P rolled over and accepted the move when I told him the plan, I guess he was effectively let off the hook as far as parenting went. The boys didn’t take any convincing either. They immediately liked the town and the school, the local moors and beaches were quick to capture their attention too.
I was so lucky to have my beautiful friend B on hand with sage advice.
She helped me to understand that while I loved M, if I wanted him in my life I needed to take those feelings of romantic and needy love and turn them on their head, into loving feelings of friendship. She didn’t say that it would be easy, but she showed me that it would be possible. She had experienced something similar with an incompatible ex recently and they were the best of friends.
With the boxes packed, the van filled and my keys collected M and I set off down the familiar route.
Emotionally and physically exhausted I sat next to him in the cab.
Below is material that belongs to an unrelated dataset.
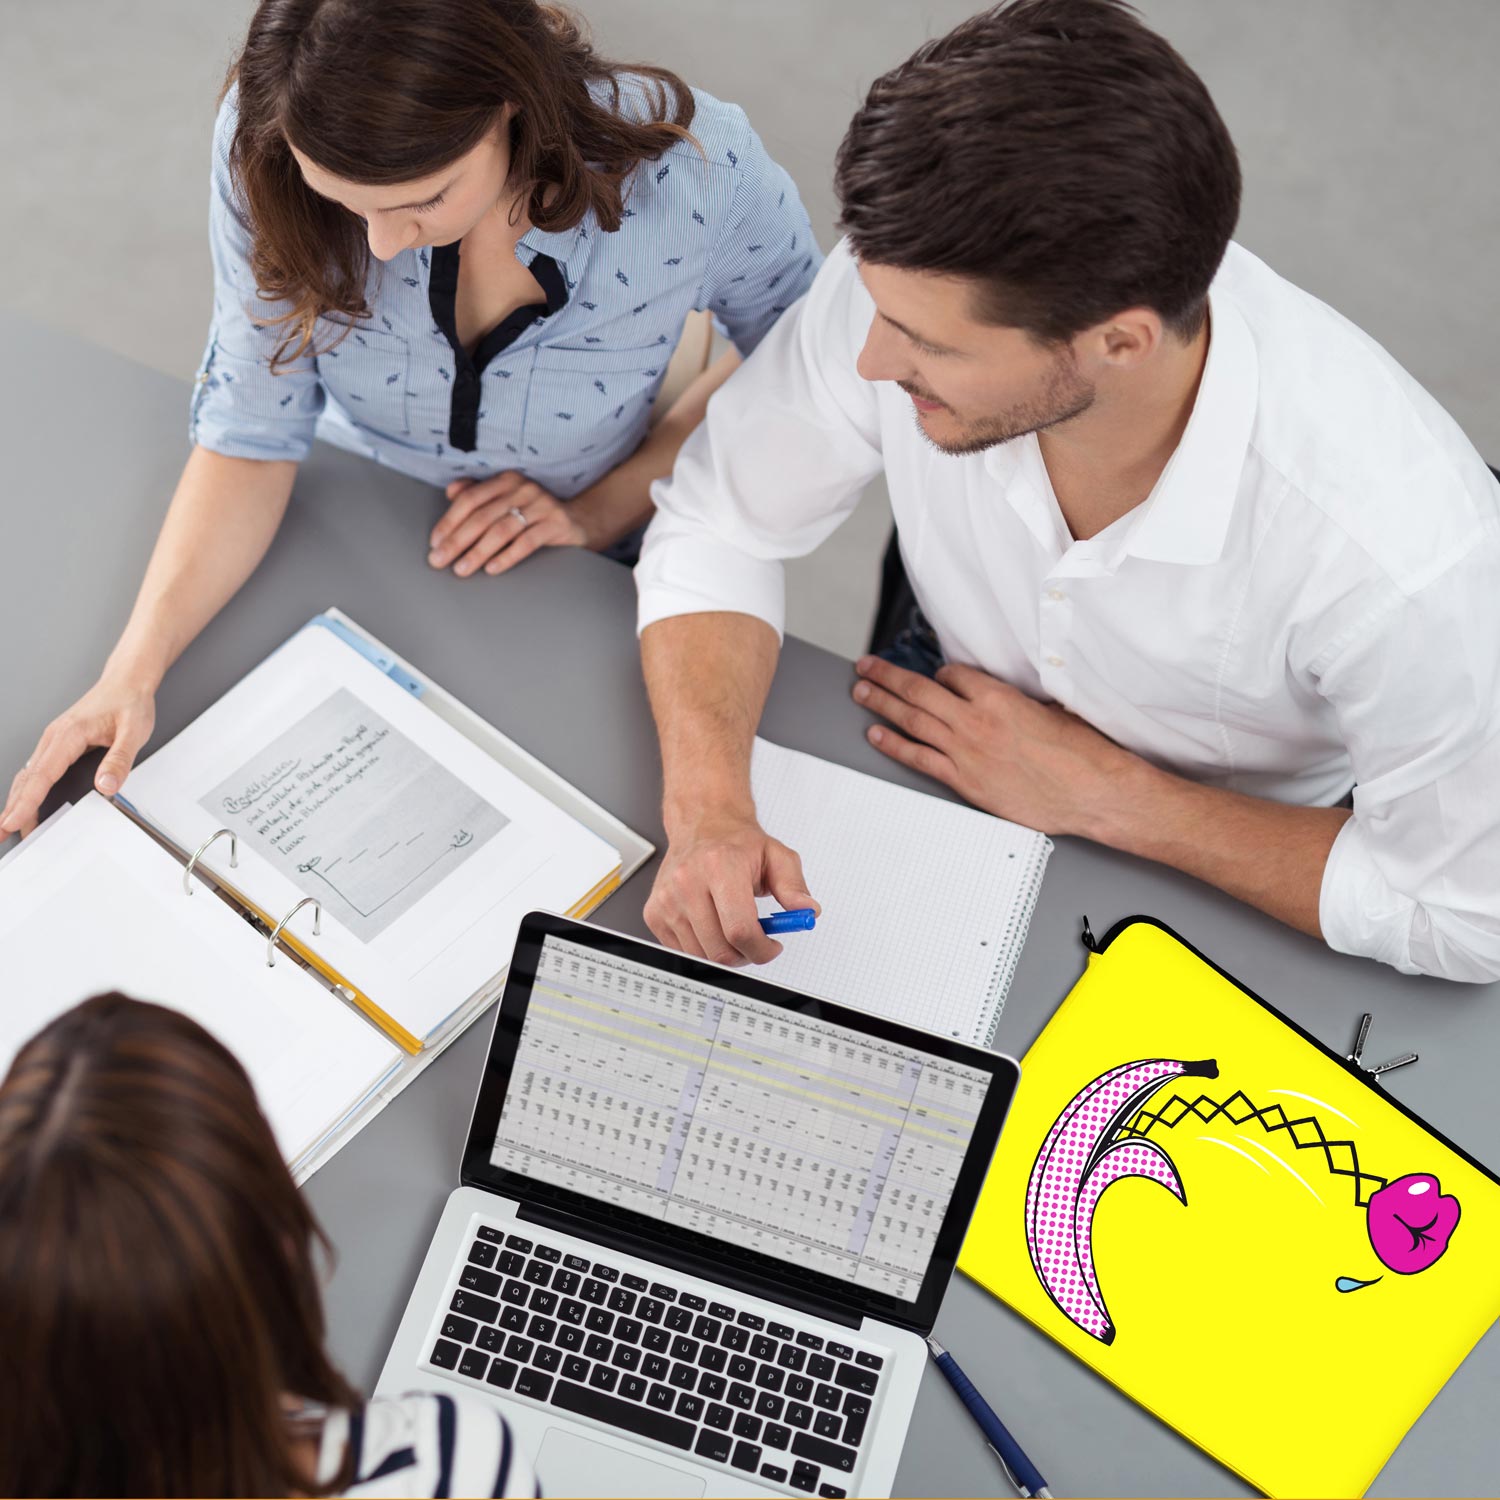 LS170 Surprise Designer Schutzhülle für Laptop in gelb als Business-Zubehör im Büro, bei Kunden und auf Dienstreisen

He was in the driver’s seat and tunes were playing quietly through the speaker by my ear. We barely spoke on the trip, not through awkwardness or animosity, rather lost in our own thoughts. As I looked out of the window at the frozen trees as we climbed speedily through the forest I noticed the snow flakes falling and settling in small banks on the verge. In reply I began to silently weep, I don’t know why. Sadness for my lost relationship? Grief for the marriage that wasn’t meant to be? Relief at the new start? Maybe even fear?
Gathering myself before we pulled up outside my new front door I felt lighter.
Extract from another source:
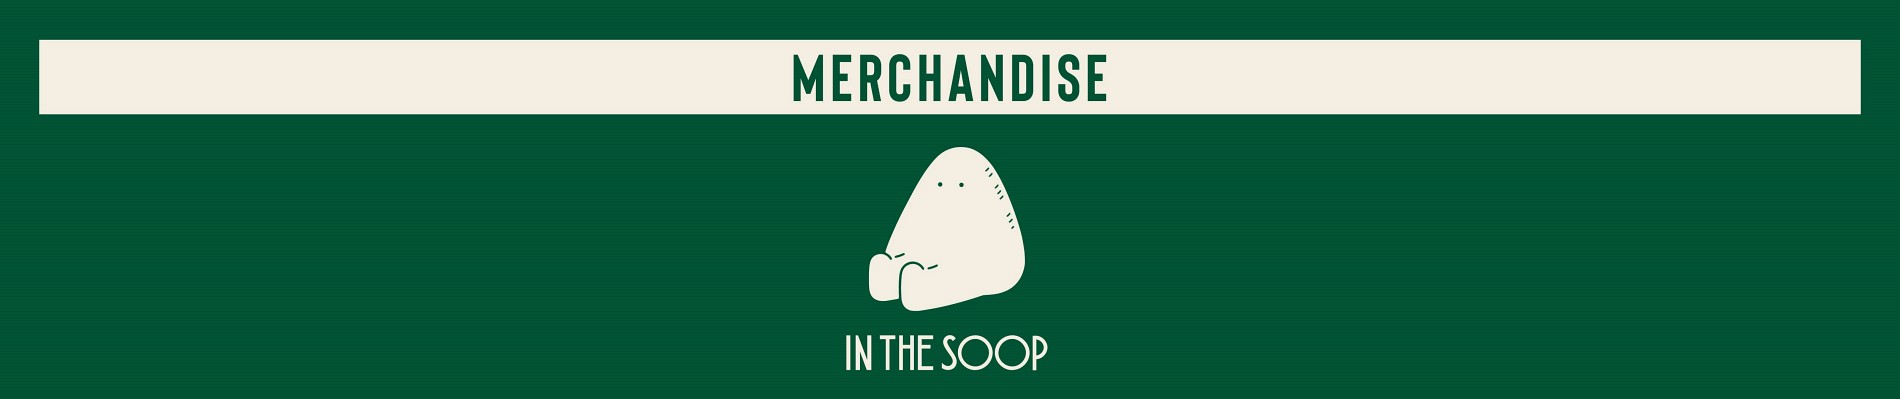 IN THE SOOP Official Merchandise
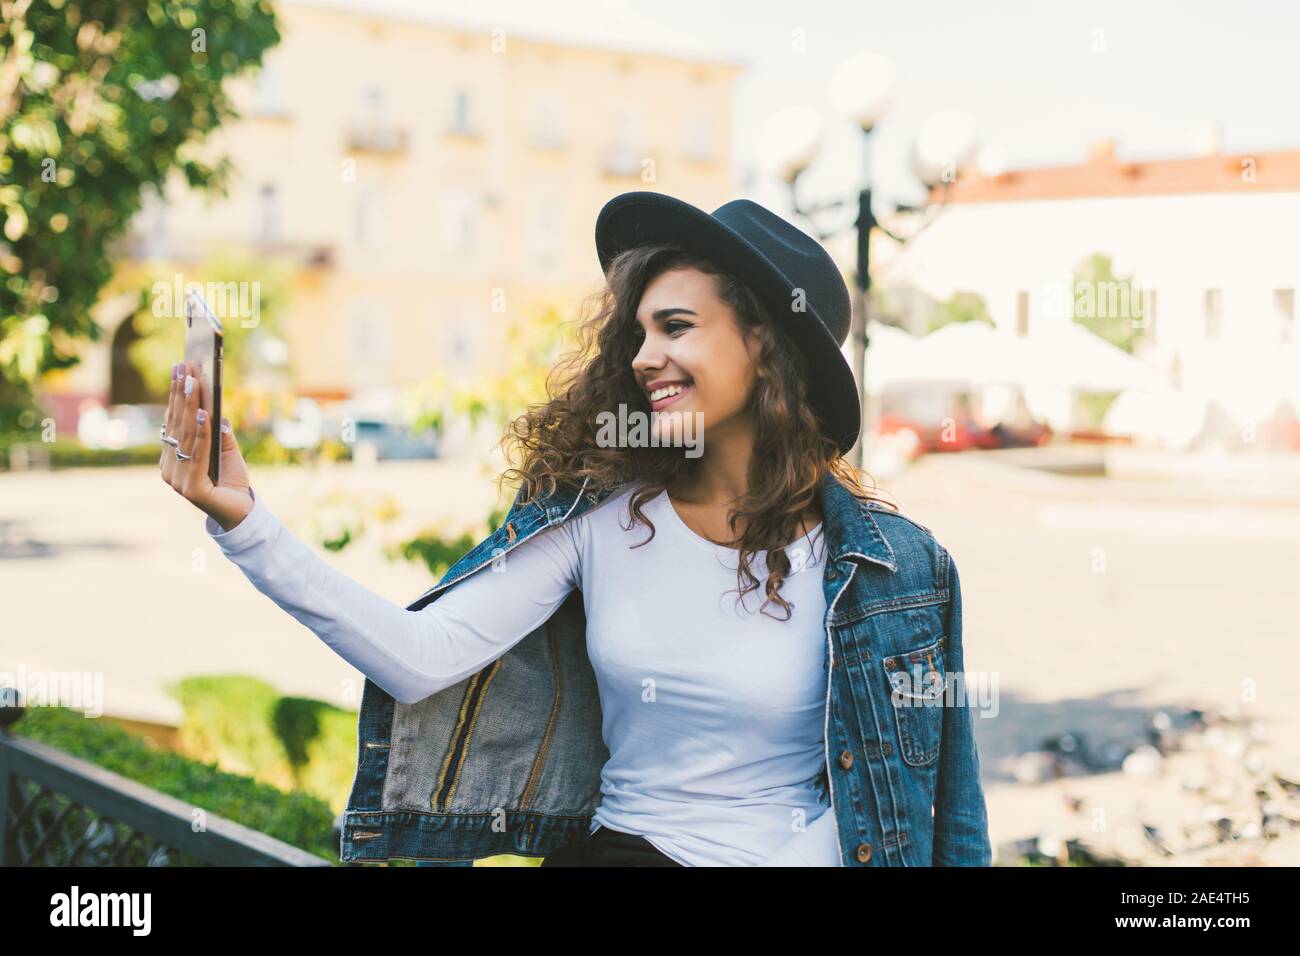 Jeune fille prendre des selfies mains avec téléphone sur summer city street. La vie urbaine concept. Banque D'Images

Something inside me had been released on that drive, perhaps I had set myself free? And once the van was empty and the beds assembled I took M out for a carvery. A small token of my appreciation. We sat and ate far too much food, laughing together and enjoying each others company as friends.
Back in comfortable companionship. The kind that only happens when you are happy in your own self.
I was beginning to realise my value again. To not only see that I didn’t have to file down the edges of my square peg in order to fit the round hole, but to believe it independently of outside forces telling me it was so. Life had been hard at times, but I would never ever give up. The move signified a fresh start for me, a new set of choices. How would I choose to rebuild my life? A fork in the path that lay ahead.
But which way would I choose to go?
There is no such thing as an ending, just a new beginning was first published on A Leap of Faith.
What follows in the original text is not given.